Jury Life pt. 1: The Gathering of 45A

Monday morning two weeks ago, I, along with about fifty other shuffling citizens in group 45A, made the bleary trek to report to the Hall of Justice at the ungodly hour of 9 am. I chose to take the bus to town, as the Web site implied that parking was a hassle.

I tromped down to the bus stop in a light rain (the weather lingered an ENTIRE HOUR longer than my phone said it would), loaded up the transit app that gives real-time bus updates, loaded the other app to purchase my bus tickets, and then stood in the rain wearing a sweater and cargo shorts.

While I waited two men all bundled up in brightly-colored foul-weather gear, hoods pulled up over their heads, walked by. They both smiled at me, and when I smiled back one gestured at the clouds overhead and said, “Something something Amigo! Something something something!” and laughed.

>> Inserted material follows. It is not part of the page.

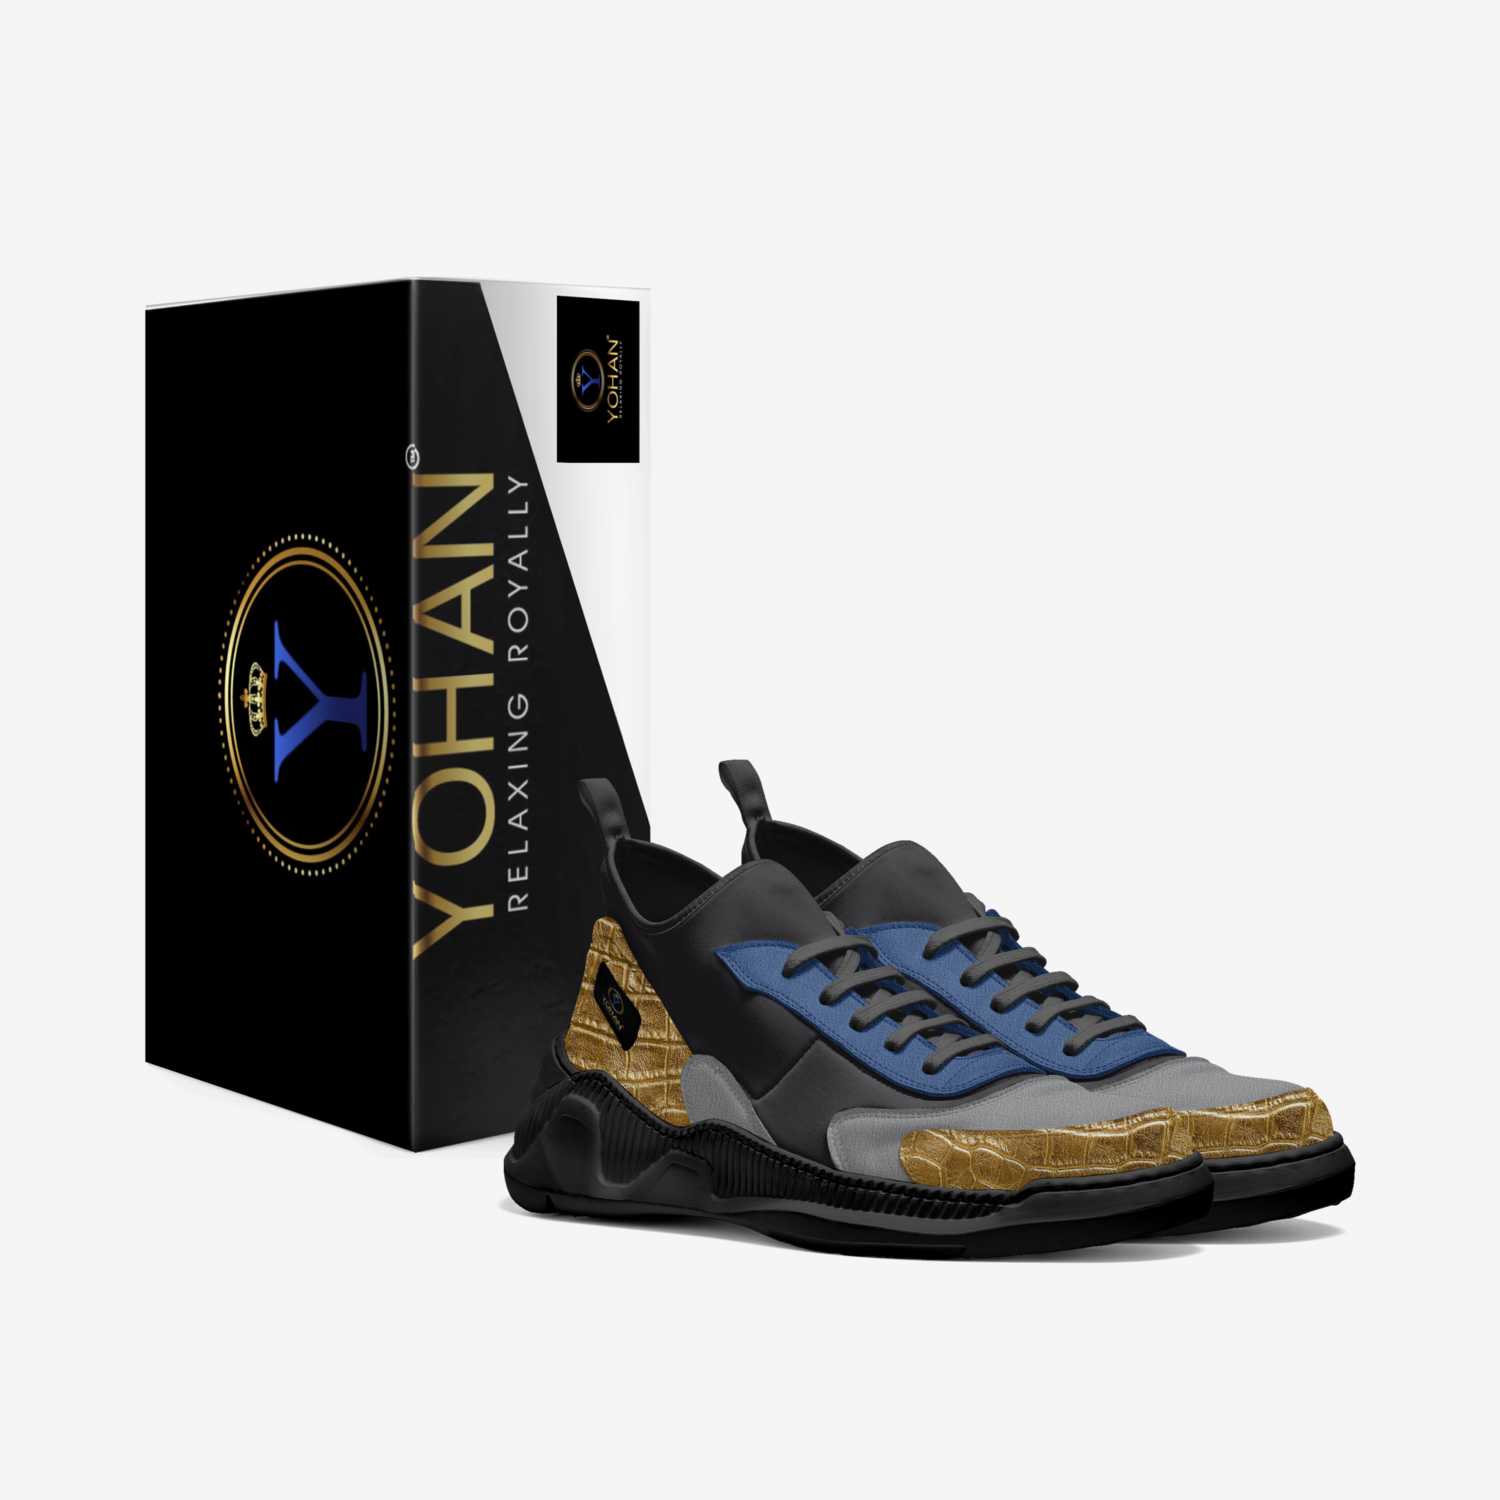 Yohan Agility 1s custom made in Italy shoes by Mark Boson | Box view
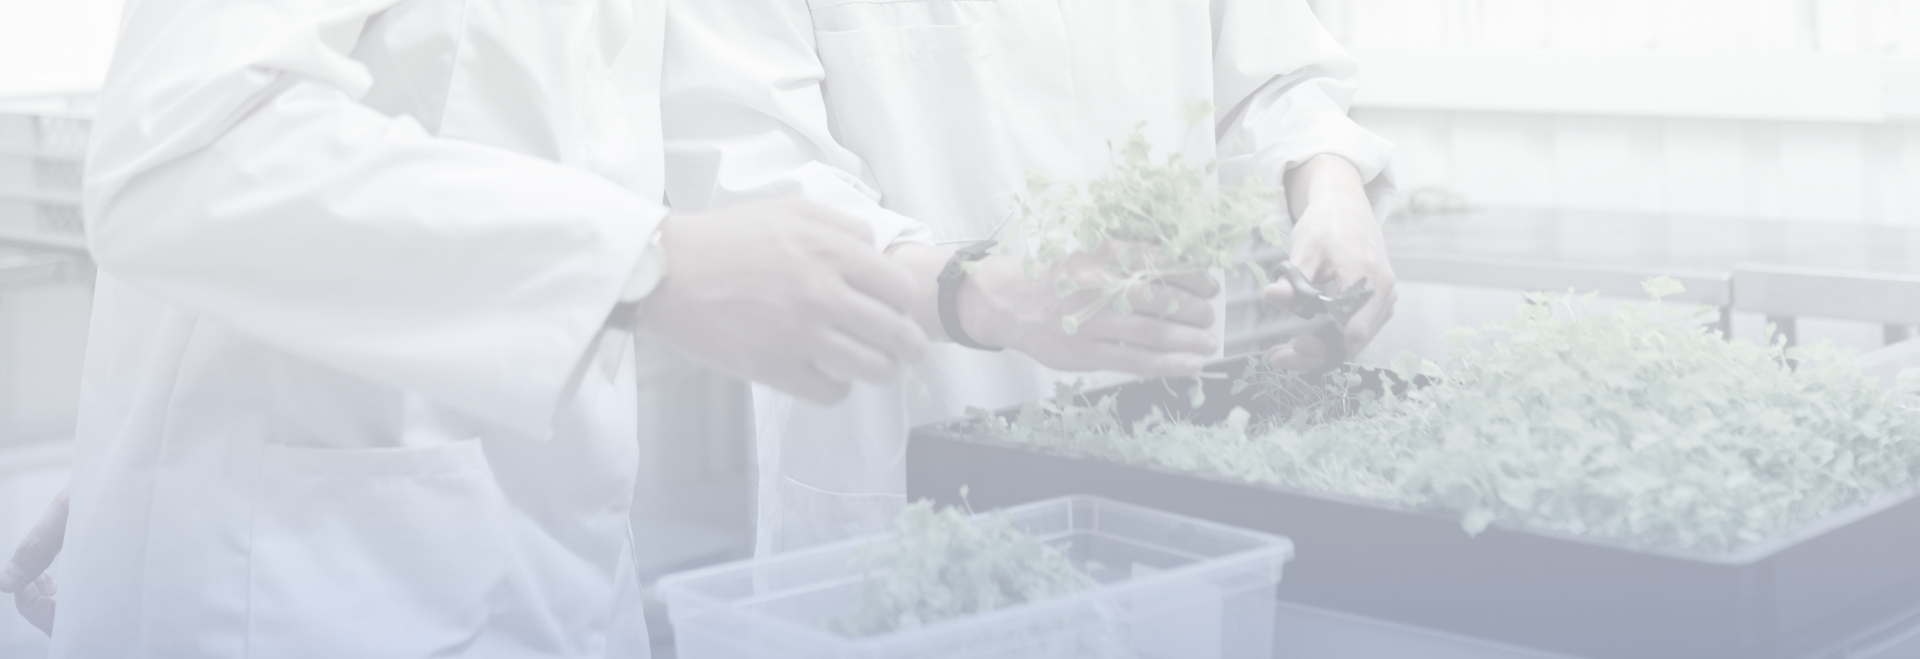 Background image of two scientists clipping a plant

I laughed also, shook my head sadly and said, “Yeah…” Even though I understood only one word he spoke, I knew exactly what he was saying. We parted friends. Or at least, amigos.

But honestly, unless hypothermia is an issue, getting wet doesn’t bother me that much. It’s an attitude I consciously adopted from a good friend of mine who went to college in Washington and didn’t carry an umbrella during gentle rains, to the bemusement of his peers. That attitude was reinforced when I started biking to work, and I realized that rain was not a big deal except for the mess — and that’s what fenders are for.

But I digress. The bus ride was uneventful. After I had I reached the Hall of Justice, set off the metal detector with my belt buckle, nearly mooned the people in line behind me when I took my belt off, and finally got through and regathered, I went up to the second floor to discover a long line of new jurors.

The line moved quickly; when I reached the front the barcode on my jury-summons postcard was scanned and I was handed a piece of paper and instructed where to go to do my next bit of waiting. I was not asked for any sort of identification. I guess Jury Imposters are not a prevalent problem. Or are they? How would we know? Is someone out there searching mailboxes for jury summons so that they can go and decide the fates of strangers? Or perhaps there’s an underground industry of Jury-Substitutes that people hire so they don’t have to report themselves.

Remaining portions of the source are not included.